L’Express : « Un voyage dans le passé »

5 janvier 2013

Munich, années 1930: un enfant juif observe son voisin d’en face, devenu maître du IIIe Reich. Aujourd’hui historien britannique, Edgar Feuchtwanger raconte enfin ses souvenirs. Rencontre avec celui qui, avant de devoir fuir, a vu monter le nazisme au coin de sa rue.

Longtemps, la vie de famille, les salles de cours et les roses blan-ches du Hampshire (Angleterre) ont suffi au bonheur du Pr Feuchtwanger. Mais tout le monde n’a pas le sinistre privilège d’avoir eu pour voisin le dictateur le plus sanglant du xxe siècle et d’en avoir réchappé. « Pourquoi ne rédiges-tu pas ton autobiographie? » le pressaient son agent littéraire, ses enfants et ses petits-enfants. A 88 ans, Edgar Feuchtwanger est un peu dur d’oreille. Mais son appareil auditif fonctionne à merveille et sa mémoire est excellente. Le vieil homme a donc redonné vie au petit garçon juif qui avait observé, entre 1929 et 1939, le bourreau nazidepuis sa fenêtre, avant de le fuir, huit mois avant le début de la guerre. « Jai voulu raconter Hitler avec mes yeux d’enfant, le démythifier pour mieux rappeler sa folie et sa réalité », dit l’historien dans un anglais aussi impeccable que son costume. Le voyage dans le passé, qui fait l’objet d’un livre et d’un documentaire bientôt diffusé sur Planète + (1), s’est effectué sans douleur, assure-t-il. « Après tout, l’histoire pour moi se termine très bien. »

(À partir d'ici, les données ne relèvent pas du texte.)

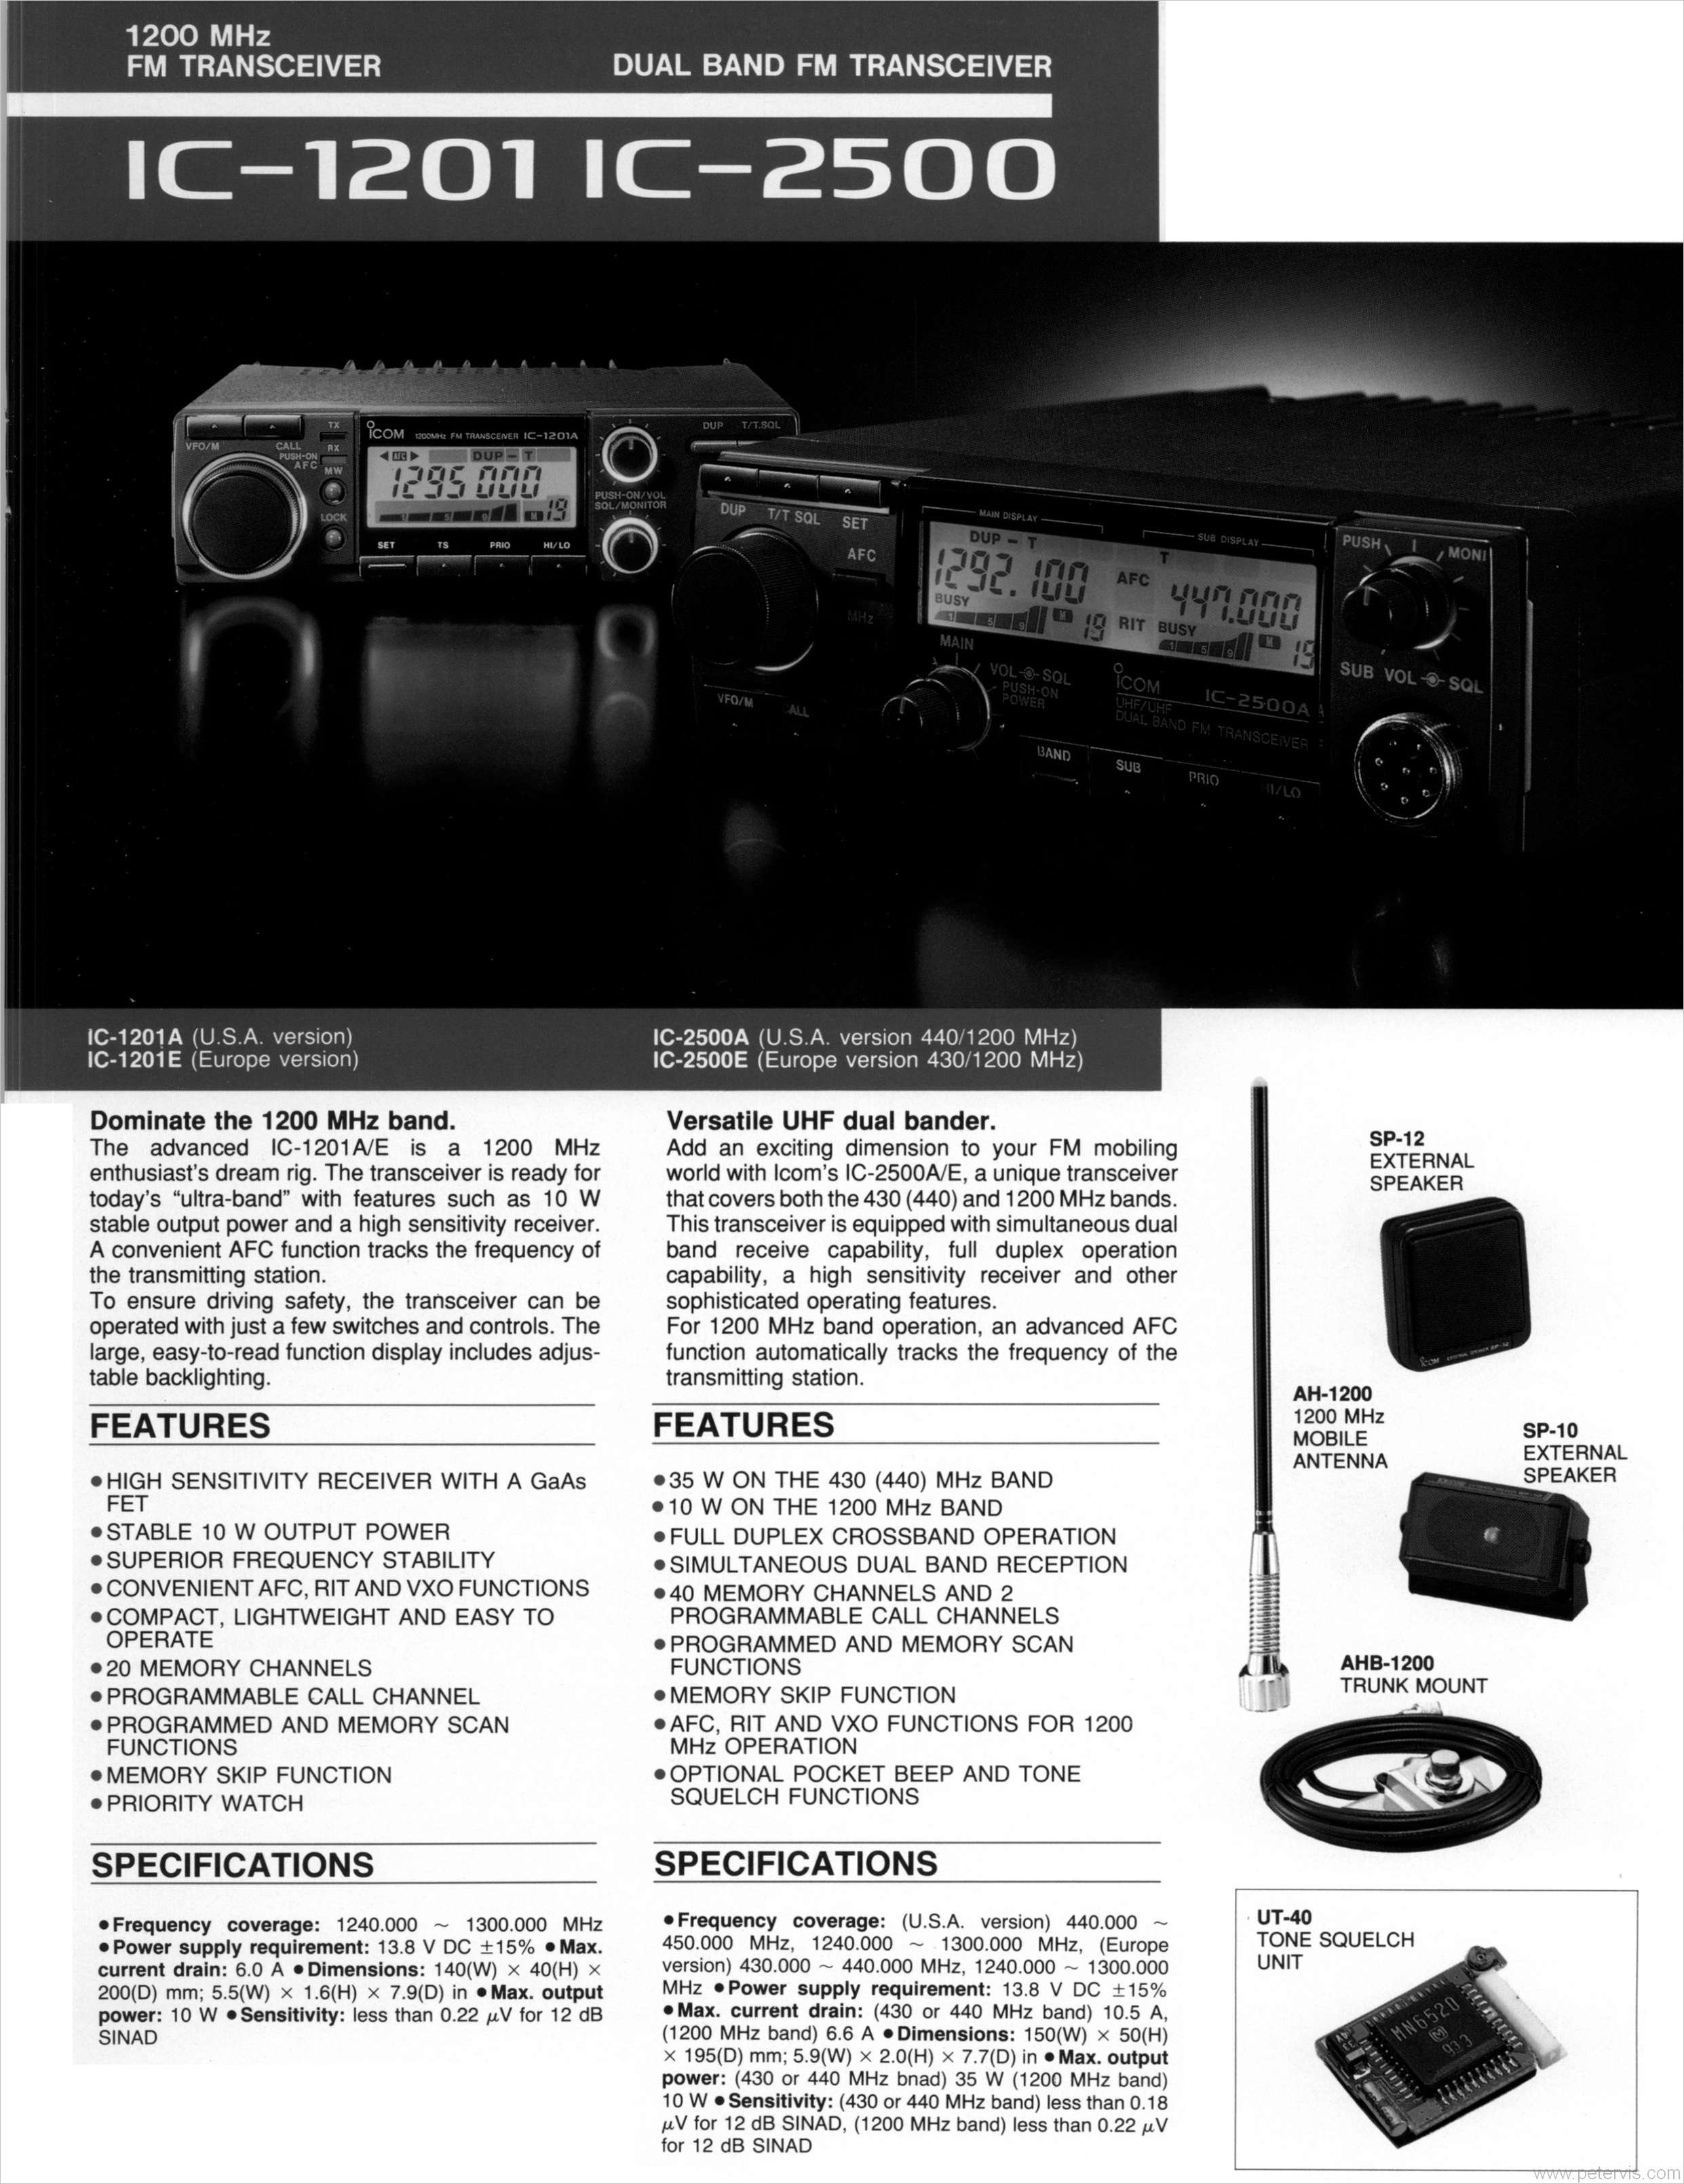 IC-1201 and IC-2500 SPECIFICATION and FEATURES

Il est « plus petit que mon père, plus petit que Rosie »

Elle commence au temps pas si lointain où les Allemands bien nés portaient la culotte de cuir et jouaient au croquet. Au deuxième étage du 38, Grillparzerstrasse, une rue cossue de Munich, vit donc un petit garçon, né en 1924, surnommé « Bürschi ». Son père, Ludwig, est un éditeur respecté, ami de Thomas Mann. Son oncle, Lion Feuchtwanger, l’auteur du célèbre Juif Süss, qui raconte la vie des juifs en Allemagne au xviiie siècle, s’impose comme l’un des écrivains germanophones les plus lus de son époque.

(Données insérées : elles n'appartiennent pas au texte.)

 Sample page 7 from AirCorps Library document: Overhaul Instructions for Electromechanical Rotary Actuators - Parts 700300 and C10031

Edgar Feuchtwanger habitait enfant dans la même rue qu'Hitler
 Après guerre, cet opposant farouche au nazisme et sympathisant communiste (ce qui lui vaudra quelques ennuis lors de son exil aux Etats-Unis), participera à la naissance du magazine Der Spiegel. Bürschi, lui, se rêve navigateur, aviateur, champion de crawl, selon les jours. Il chérit aussi sa nurse, Rosie, une marxiste qui n’a pas son pareil pour préparer le chocolat chaud et traduire en mots simples les immenses questions. « Qu’est-ce qu’être juif? » demande le garçon, dont les parents, des intellectuels aisés, laïcs et assimilés, ne fréquentent guère la synagogue. « Toi et moi, on est pareils, c’est juste que les juifs ne croient pas que le petit Jésus a existé », répond Rosie en exhibant la petite croix en or qui caresse son corsage. Le corsage de Rosie a toujours raison.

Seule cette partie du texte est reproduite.